Everyone keeps saying fintech disrupted banking. The numbers tell a completely different story.
Banks still hold 97% of business deposits. After 15 years of “disruption.” After billions in venture capital. After every pitch deck that promised to kill the legacy players. The giants barely flinched.
I came across a sharp take from a LinkedIn creator that finally put words to why nothing moved. Once you see the argument, you can’t unsee it.
The myth that’s been sold for 15 years
The standard fintech story goes like this: sleek startups build better tools, customers leave their banks, money flows to the challengers. Clean narrative. Easy to pitch. Almost entirely wrong.
The contrarian argument from the original poster cuts through it in one line: every fintech product built so far still required you to do something.
- Log in to the dashboard
- Pull the monthly report
- Review the expense
- Approve the transfer
- Chase the invoice
Better interfaces. Same manual work. The author calls it what it is: a nicer paint job on top of the same old problem. That’s not disruption. That’s decoration.
Why this reframe matters
If the tool still needs you to operate it, the work didn’t go away. It just moved to a prettier screen.

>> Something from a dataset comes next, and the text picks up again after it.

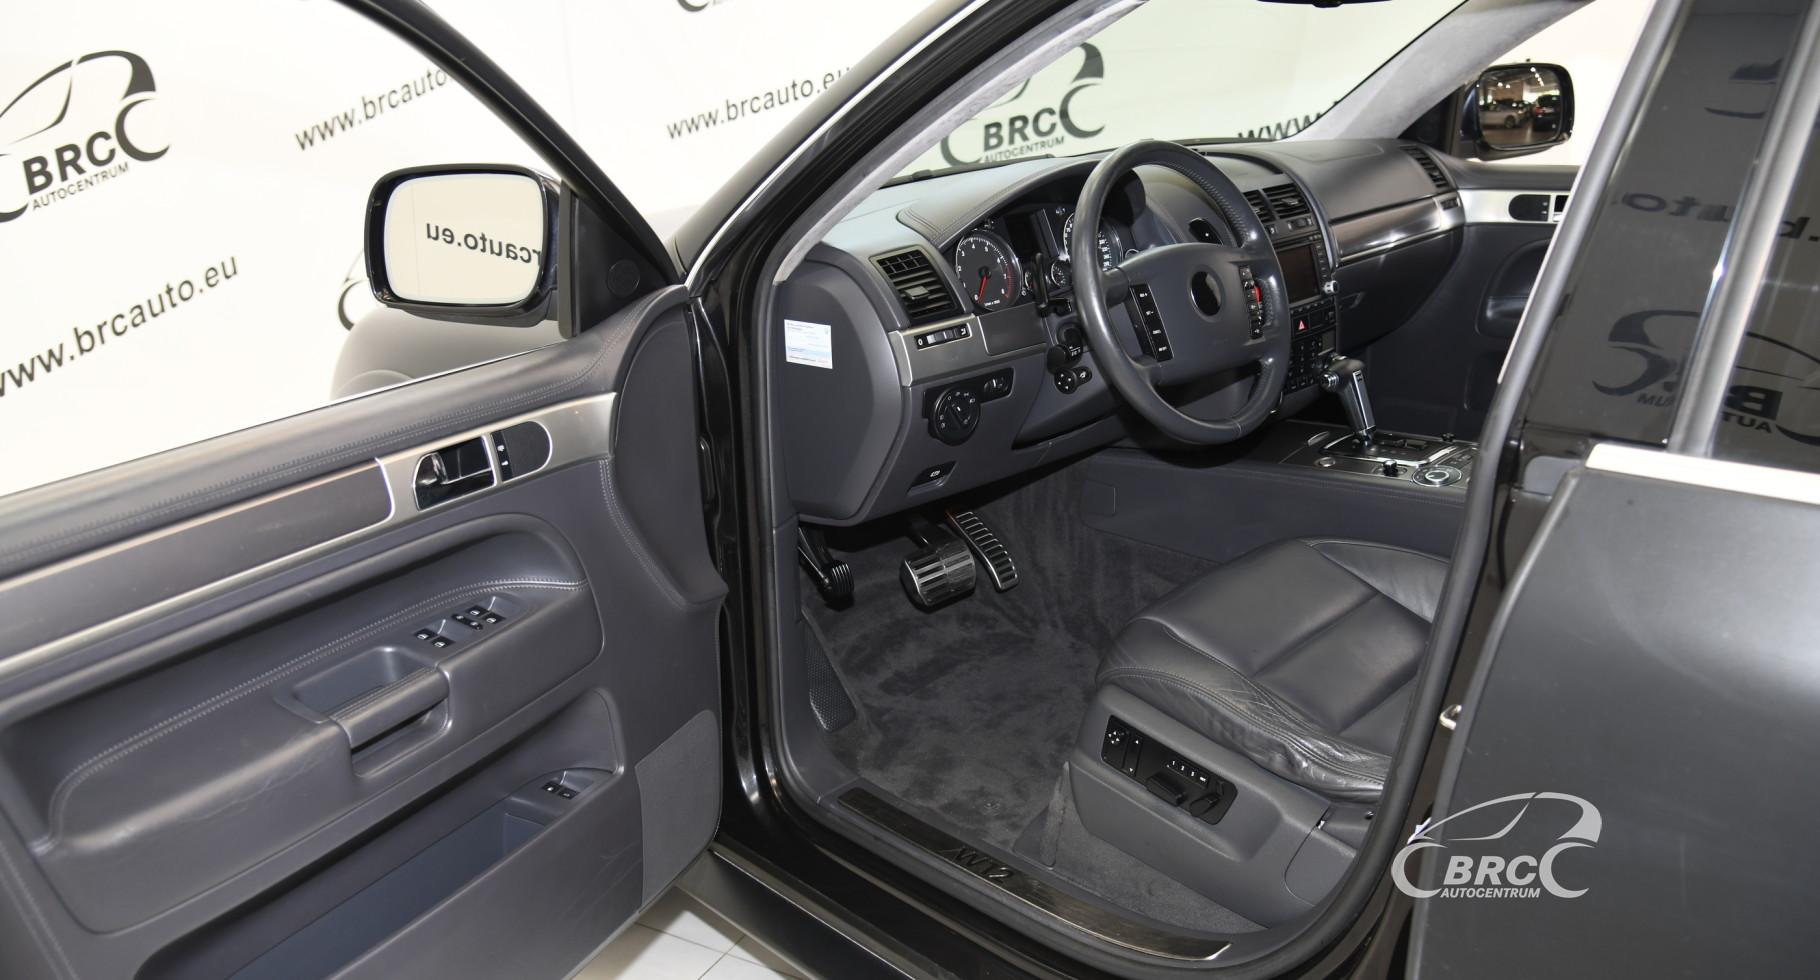 Volkswagen Touareg 6.0 W12 4Motion Automatas
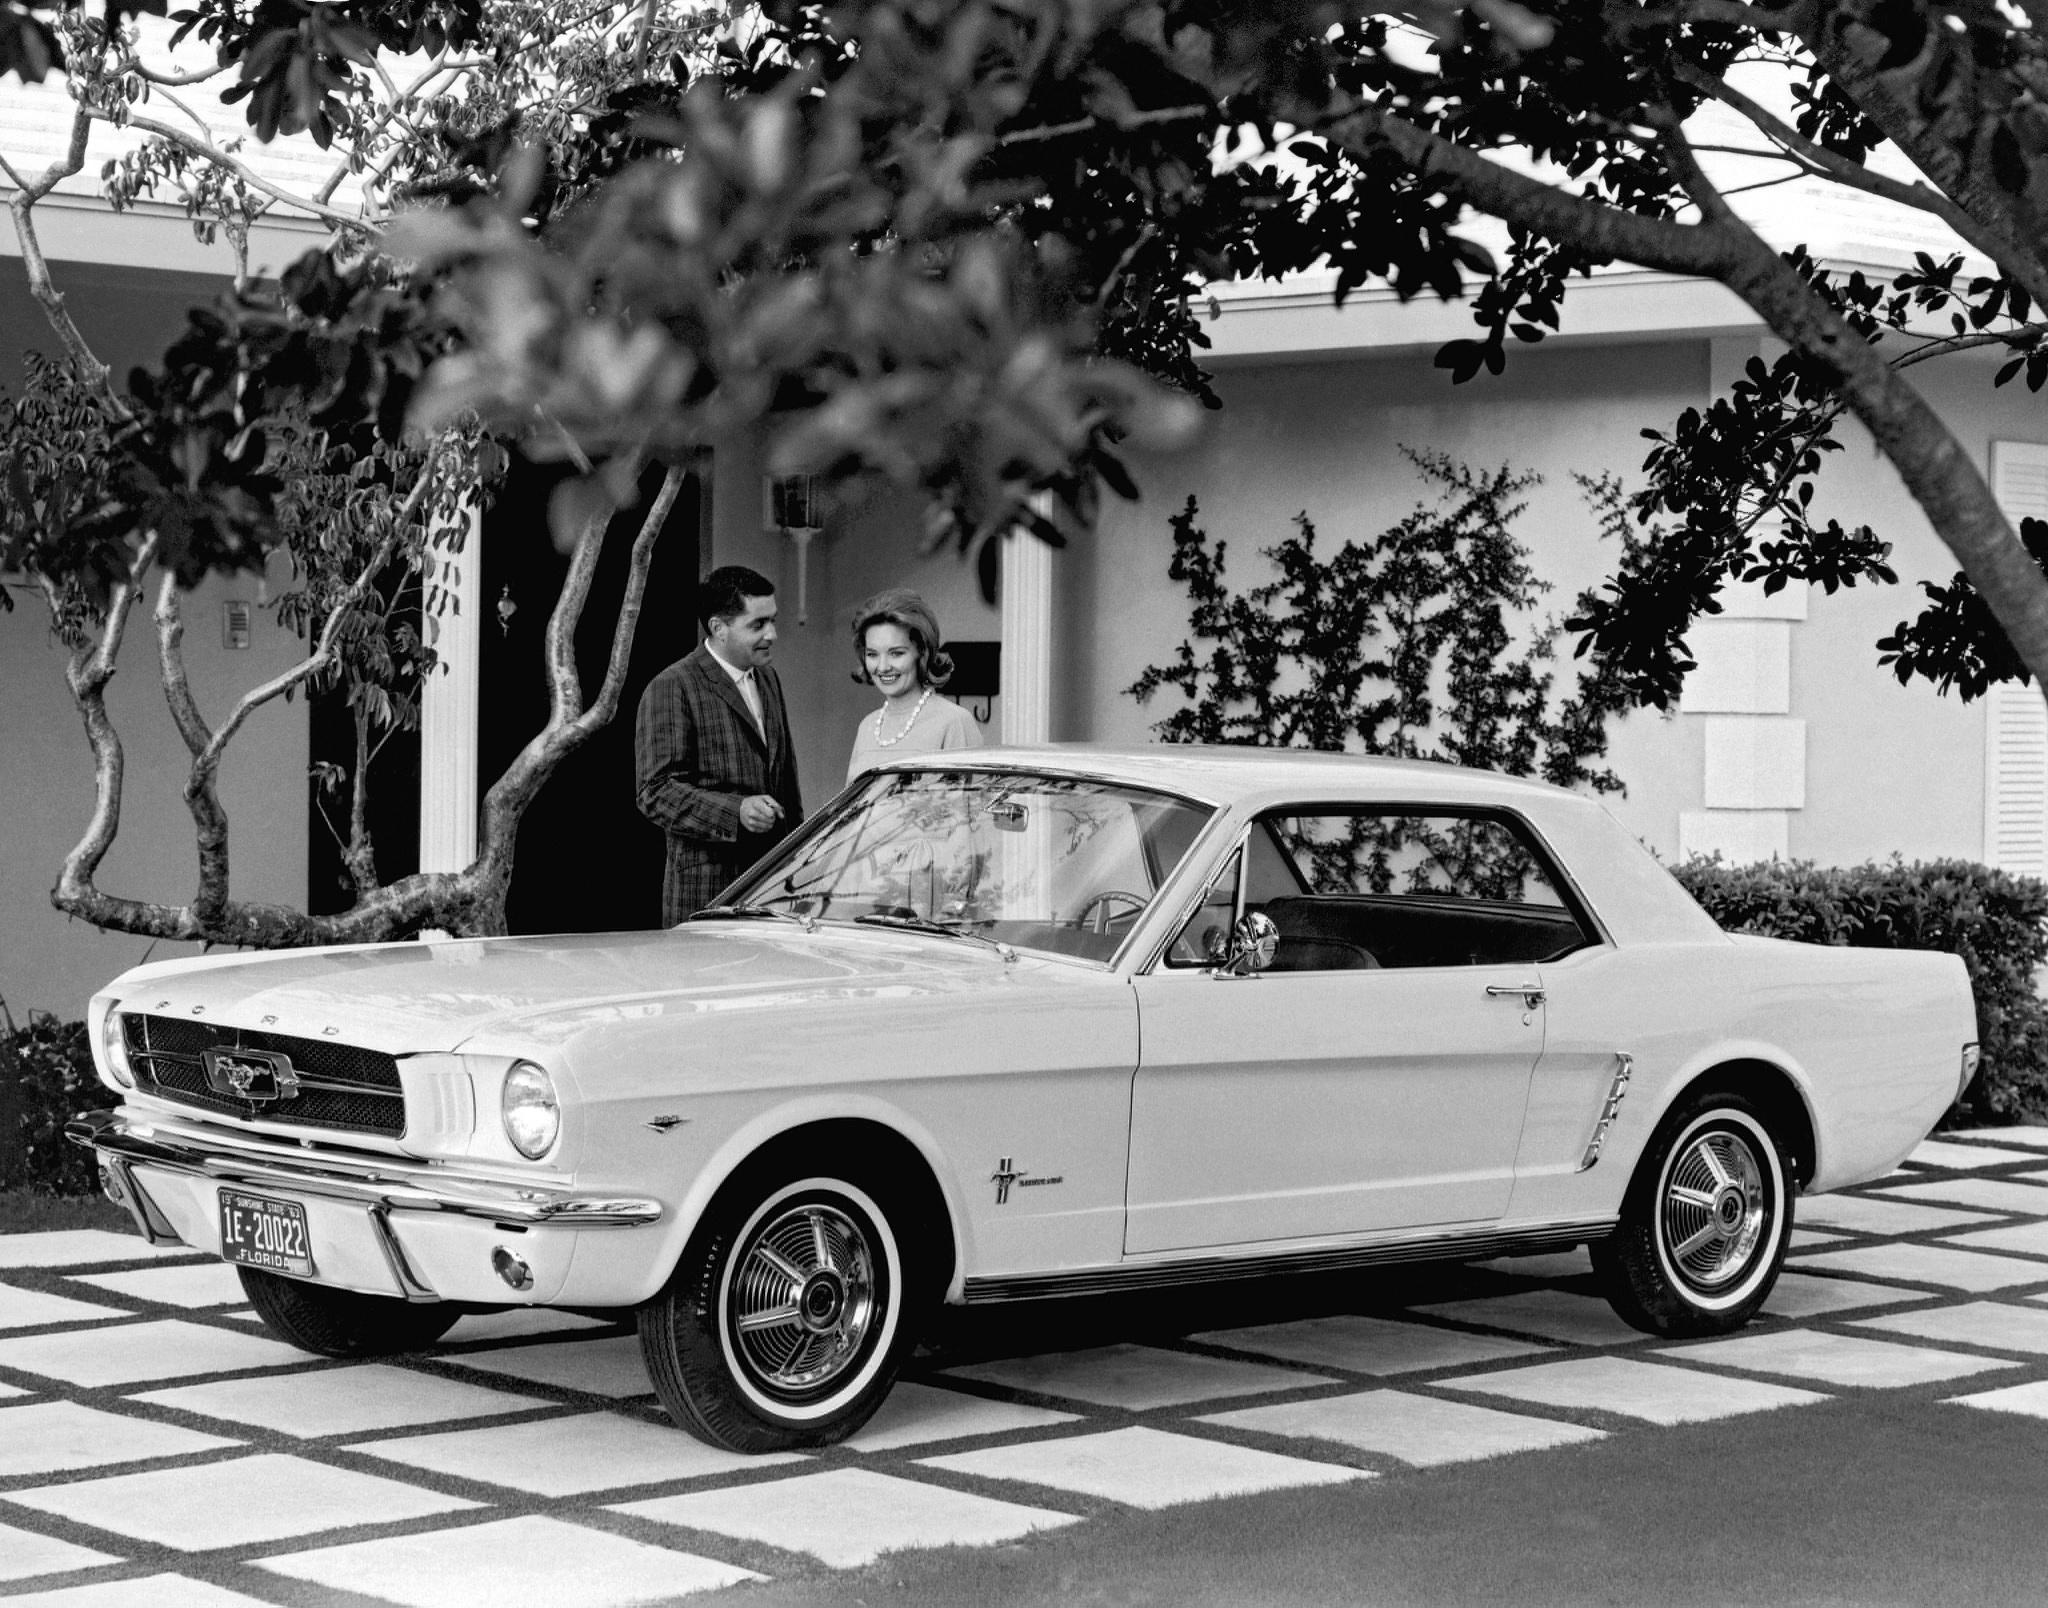 ford mustang coupe 1964 de frente preto e branco

I was nodding the whole way through this post because it explains something that always felt off. Why do finance teams still feel buried even with “modern” tools? Because modern tools are just dashboards. Dashboards are homework. Homework doesn’t scale.
The expert’s point is that real disruption removes the manual layer entirely. Not a better report. No report. Not a faster approval flow. No approval needed. Software that acts, not software that shows.
The example the author points to
The post highlights Twin as the first product actually pulling this off. It lives inside Slack and watches the financial layer continuously. The behaviors the creator describes:
- Catches the duplicate subscription before you renew it
- Flags the vendor that quietly raised prices
- Processes reimbursements before anyone has to ask
- Follows up on the invoice you forgot about
The user doesn’t open it. They don’t review it. The work just happens. That’s the shift the original poster is excited about, and honestly, the framing is hard to argue with.
A new test for every “fintech” tool
This is the part I keep coming back to. The author’s argument gives us a clean filter for evaluating anything labeled fintech, AI finance, or automation going forward. Three questions worth stealing:
- Does this tool remove work, or just reformat it?
- Can it run without a human pressing buttons?
- If I stopped logging in tomorrow, would it still do its job?
If the answer to all three isn’t yes, it’s a dashboard with marketing. Useful maybe. Disruptive, no.
Why 97% is suddenly interesting
The closing line from this industry pro is the one that stuck with me: 97% is a very large number waiting to move. For 15 years, that number barely twitched because the tools asked customers to do more work, not less. Agent-based products flip that. They promise the one thing finance teams never had, which is time back.
If the thesis holds, the next decade of fintech won’t look like a better ledger or a prettier expense app. It’ll look like software that runs your financial back office while you do literally anything else.
Worth reading the full LinkedIn post for the original creator’s framing, especially the line about “better tools for the same manual work.” That one sentence explains more about the last 15 years of fintech than most research reports.